If you know for a fact that all the cards have the same PIN then the probability of guessing it correctly is *very slightly* increased because the chance increases slightly for each guess - because you have reduced the number of possibilities by 1 each time by eliminating the number you guessed incorrectly. Obviously if you have 9999 guesses that are all incorrect, then it is certain that your next guess will be correct because you will have eliminated all other possibilities. Similarly, after 9998 incorrect guesses, you have a

50/50 chance of getting it right on the next guess. etc.

Not sure where you get those figures, but they are totally incorrect!

On first card: Chance of 1st guess being right is 1:10000 Chance of 2nd guess being right is 1:9999 Chance of 3rd guess being right is 1:9998

Then it makes a difference if all the PINS are the same or not. If not, then the chances of the 3 guesses are the same as above for each of the rest of the cards (and you could use the same 3 guesses for each card without affecting your chances). If the PINS are the same, the probability continues to decrease - i.e.

Chance of 4th guess being right is 1:9997 Chance of 5th guess being right is 1:9996 Chance of 6th guess being right is 1:9995 etc.
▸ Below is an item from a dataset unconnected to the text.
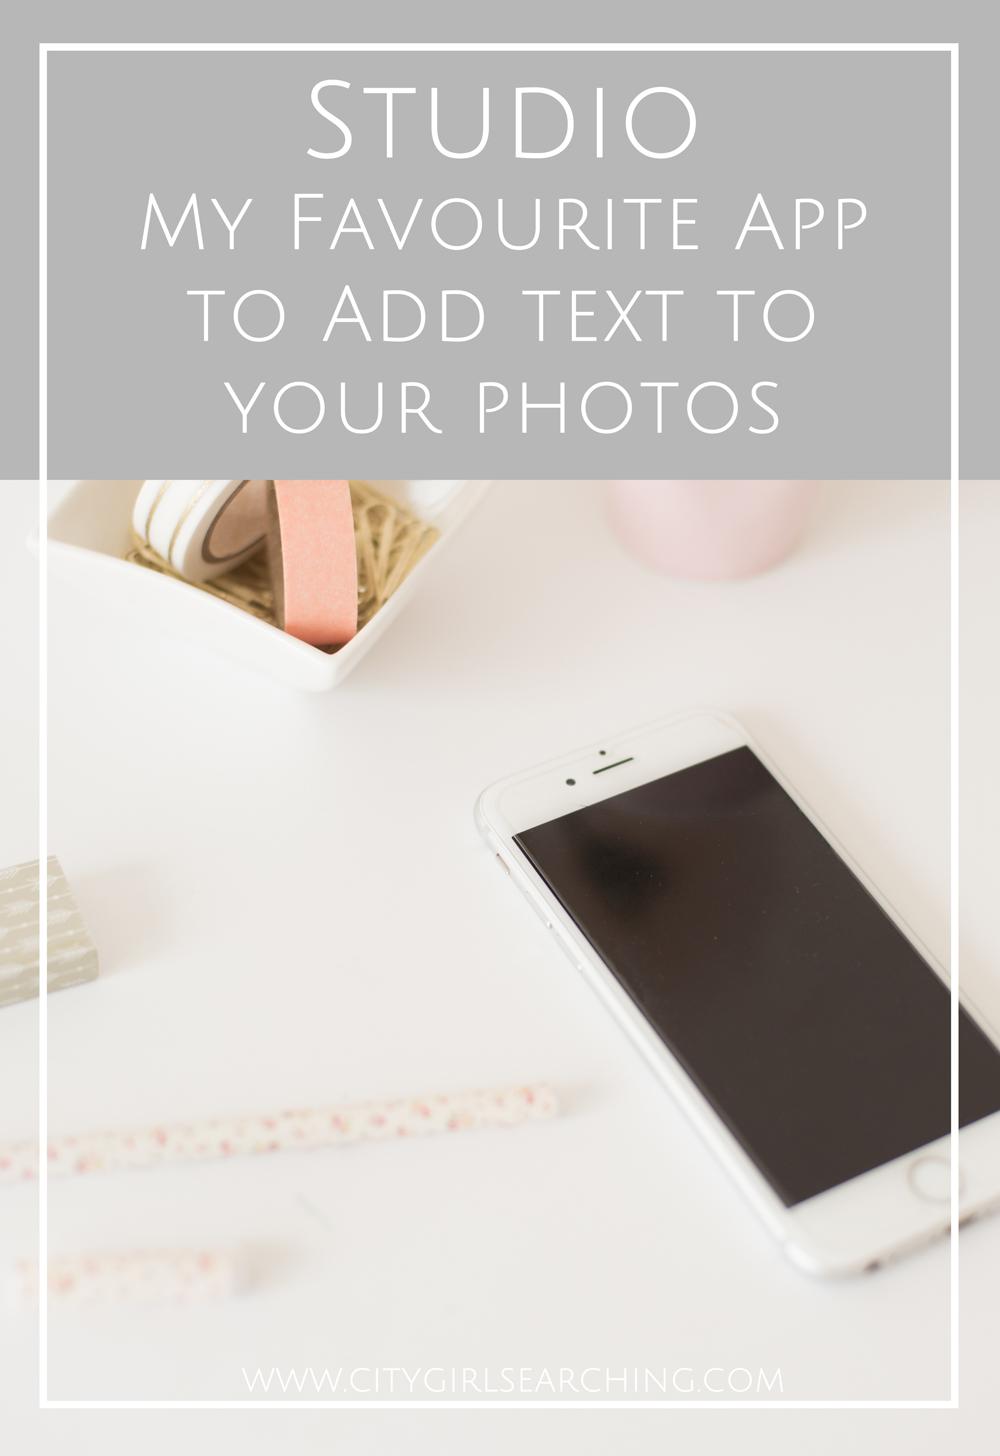 Studio Favourite App to Add Text To Photos

So you may as well use different random numbers for each guess *in case* the PINS are all the same.

Whichever is the case, it makes very little difference to the end result which, as I have said, is approximately 1:333.

Would leave a standard silicon microchip. I cannot think of any way that the physical structure could be designed to destruct under X-rays

- maybe it is but I don't see a lot of point in doing so because the information needed by a fraudster is in the memory data, not the physical construction or circuit. Most memory elements would be erased under ionising radiation, but I don't think that's relevant.

It's akin to taking a hard disk drive and meticulously working out the circuit of its control board and analysing all the physical components. That will not assist you in the slightest way to retrieve a password or other information from the drive.

There are instruments that can read microscopic charge distribution on a memory array of a silicon chip and so be able to expose the contents of the entire firmware and private data area, but nothing that would be available to even an extraordinary fraudster, and it would take a

*huge* amount of time & effort even with the right equipment. And at the end of all that effort, the fraudster would have information from the private area of *one* card, and so be able to steal a few thousand pounds maximum.

Depends whether it is a down-counter or an up-counter!